→ Raw data:

⟨

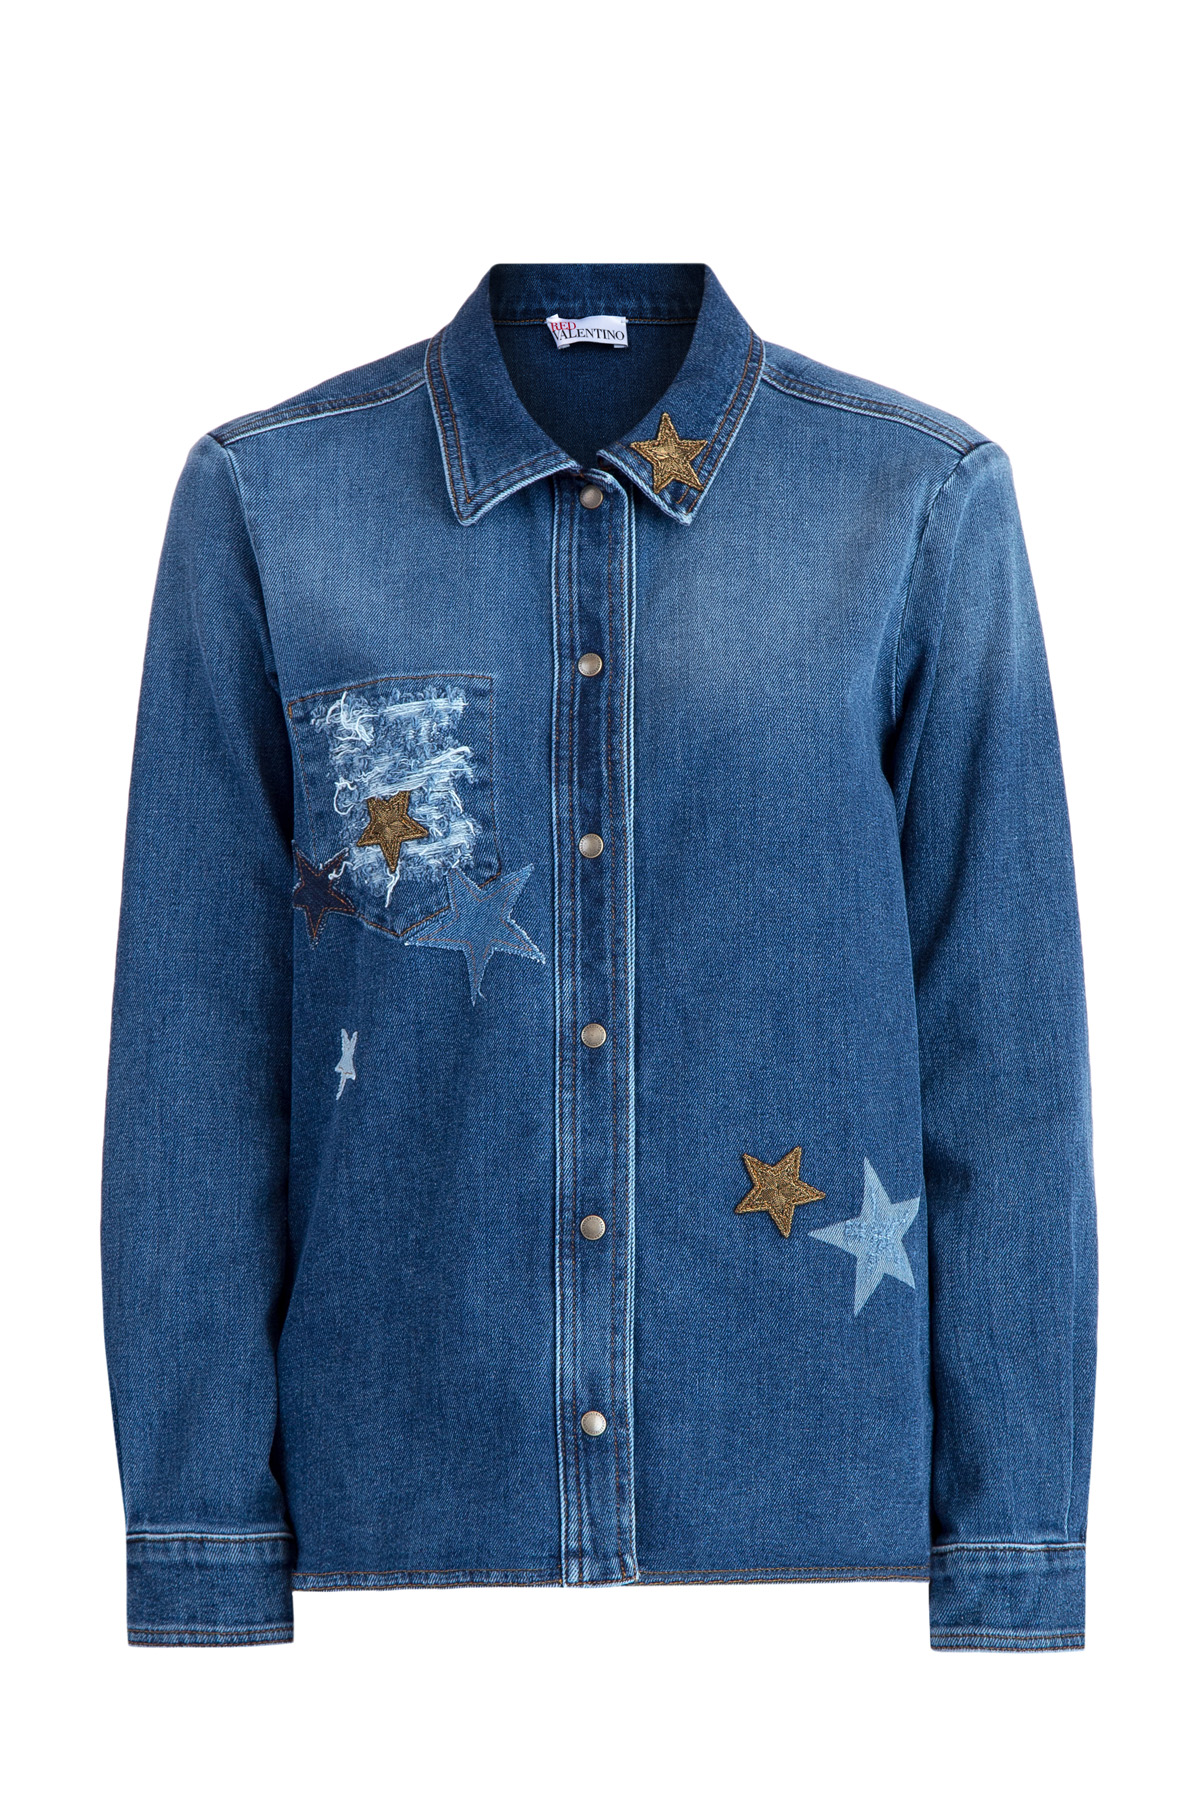 Джинсовая рубашка с аппликациями и вышивкой бисером в виде звезд
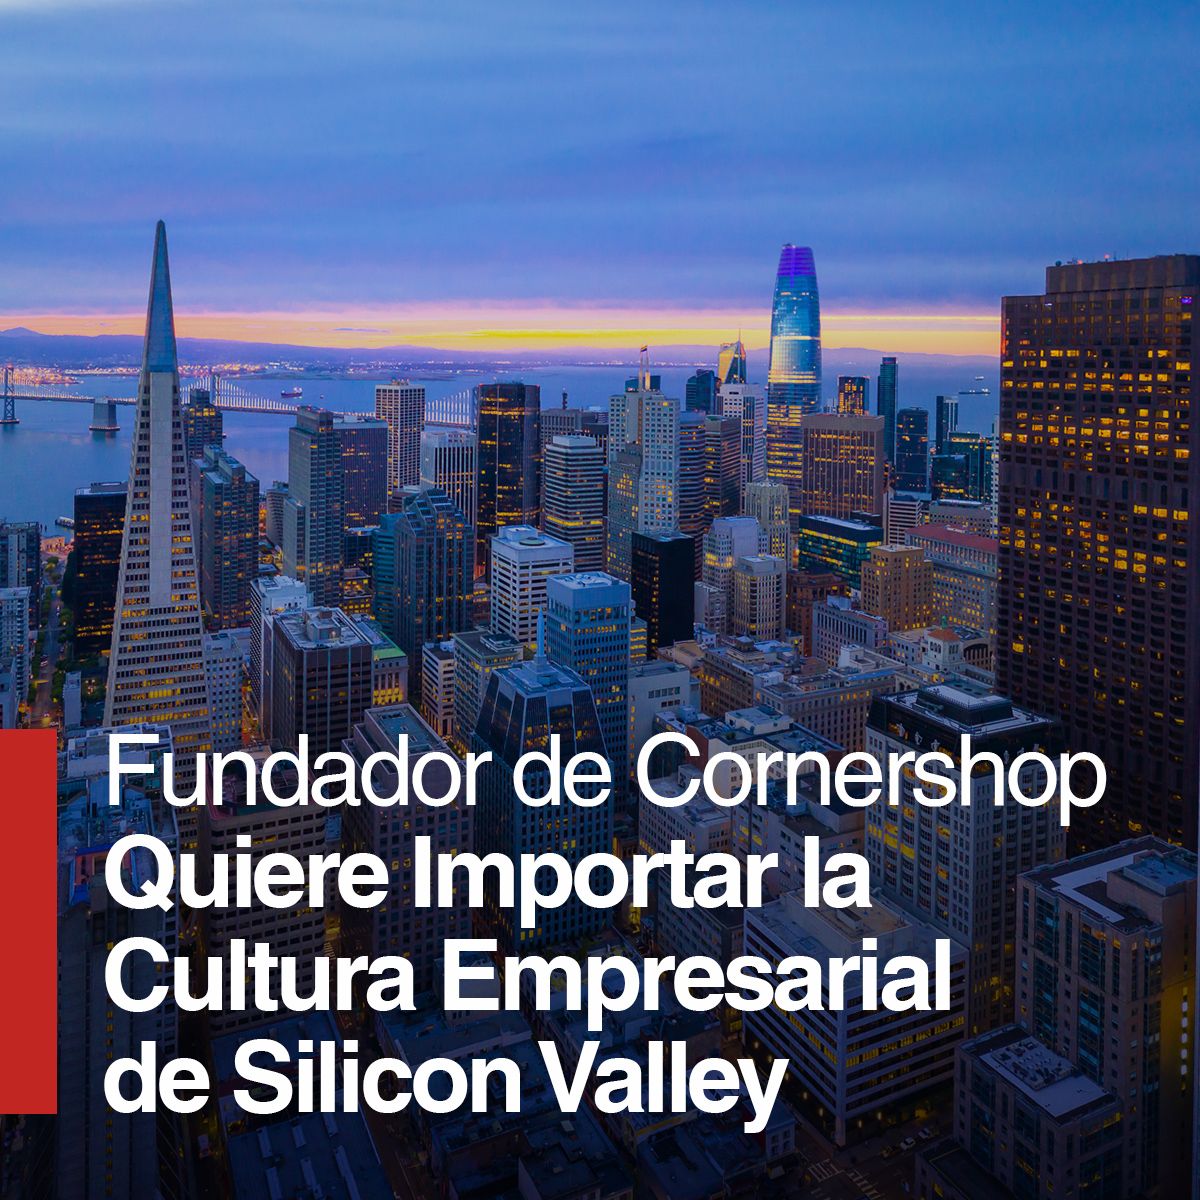 Fundador de Cornershop Quiere Importar la Cultura Empresarial de Silicon Valley
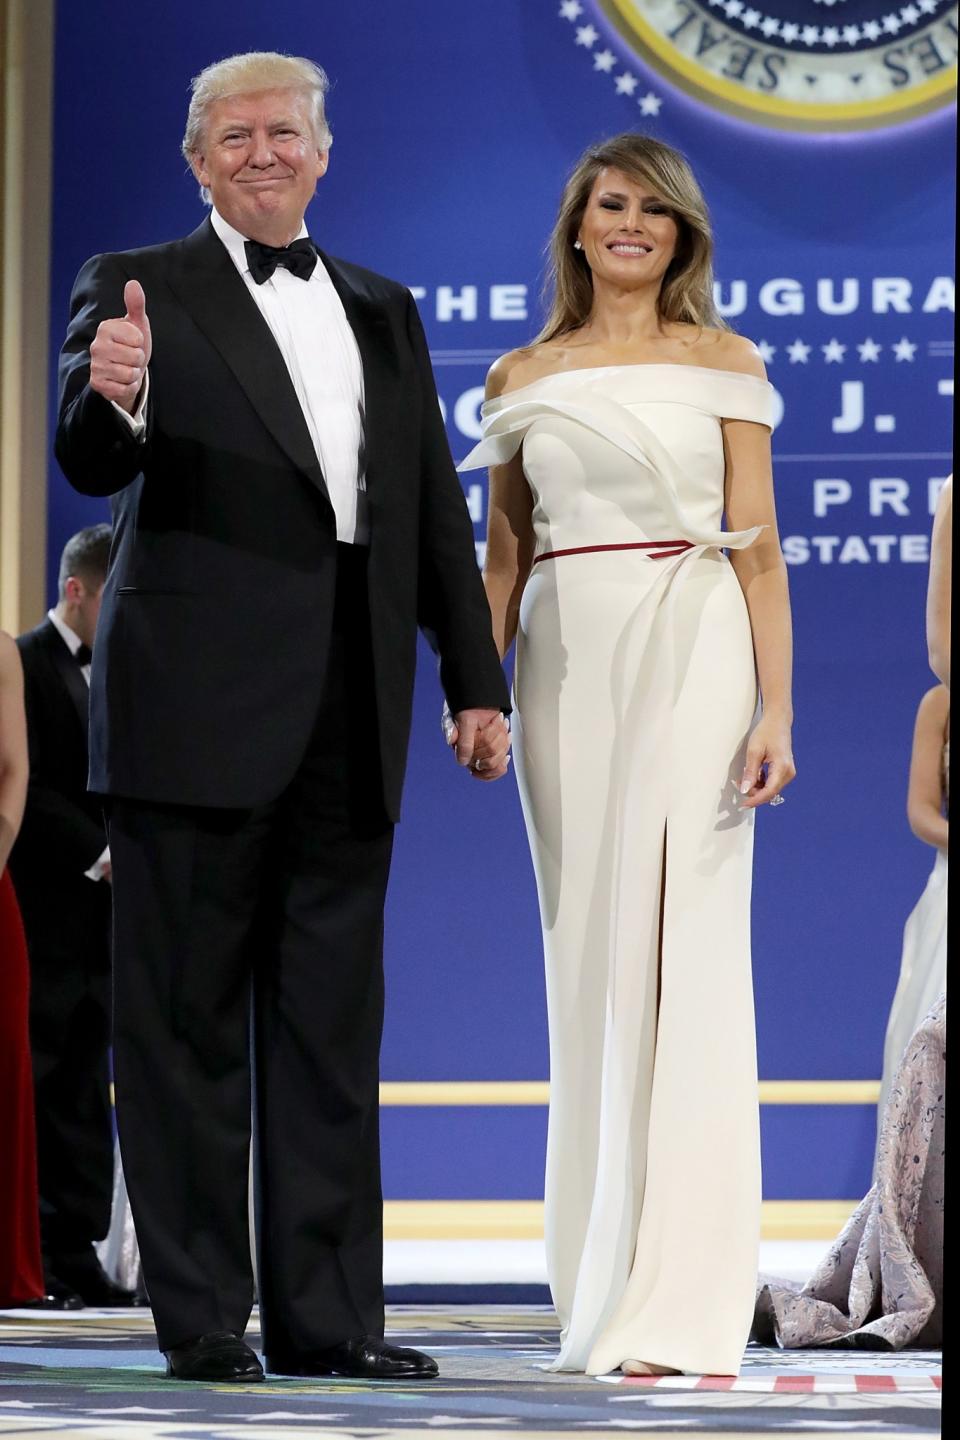 Melania Trump at the Inaugural Ball

⟩

→ Your instructions: Reproduce the material above exactly, but only from the line with "Fundador de Cornershop" through its last line, leaving pictures out.

→ Answer for this exercise:
 Fundador de Cornershop Quiere Importar la Cultura Empresarial de Silicon Valley
 Melania Trump at the Inaugural Ball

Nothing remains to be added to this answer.